Well, it seems to me your wireless driver is dying on boot with AC power on.

I'd suggest either finding the cause of that, or writing a quick script which checks to see if your wireless is loaded and up when you log in, and if either is false, reloading the driver.

Just a thought.

----------

## Bombs14

I've been looking deeper into it, and it appears more like an irq problem. 

When the wireless card works properly, I notice that IRQ 3 is not disabled for the card...

however, when the wireless card does not work properly, there's a message saying "nobody cared!" "disabling irq #3"

I'm not too sure how to go about fixing such a problem...anyone?

----------

## Bombs14

oh yeah, and pci=noacpi, pci=noapci, and pci=biosirq all don't work for me.

----------

## Bombs14

fixed it, the problem was the pcmcia wireless card using IRQ 3 when that IRQ doesn't work, so I just made it use IRQ 4, and now all is good. =)

----------

## voltairien

Same problem here, how do you change IRQ ?

V.

----------

## Bombs14

I'm not on my linux box now, but I believe it is something along these lines:

in /etc/conf.d/pcmcia

add: 'irq_list=whatever IRQ you want' in the PCIC_OPTS section

I think mine was: PCIC_OPTS="irq_list=4,7"

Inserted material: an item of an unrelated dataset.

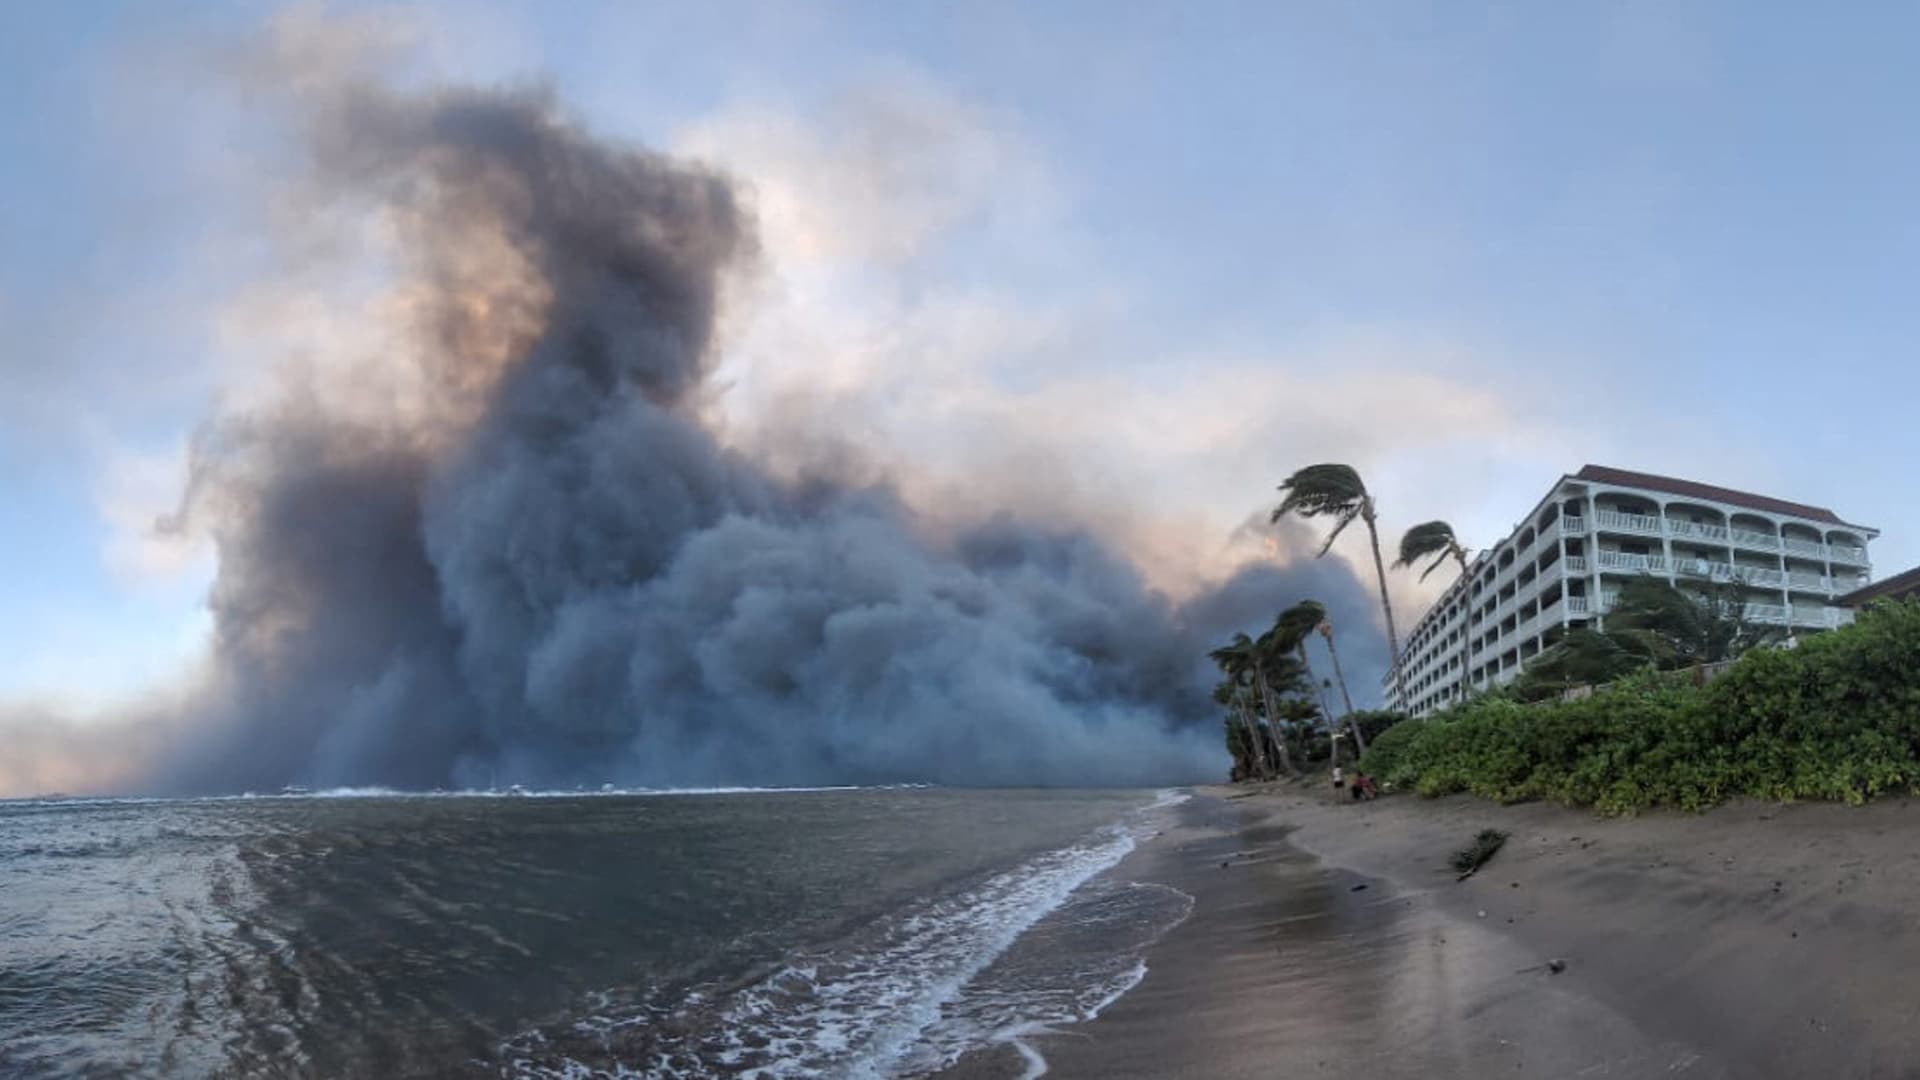 At least 6 killed as Maui wildfires spread, evacuations across Hawaii continue

and in the /etc/conf.d/wlan/config.opts or something liek that

uncomment lines that say "exclude IRQ 4" and IRQ 7, something along those lines...sorry again for not being specific, don't have those files to refer to currently.

----------

## oisch

 *Quote:*   

> uncomment lines that say "exclude IRQ 4" and IRQ 7, something along those lines...sorry again for not being specific, don't have those files to refer to currently.

 

You have to exclude IRQ 3 in this case I think... (just had the problem myself and want to make sure that it won't happen to anyone else anymore)

----------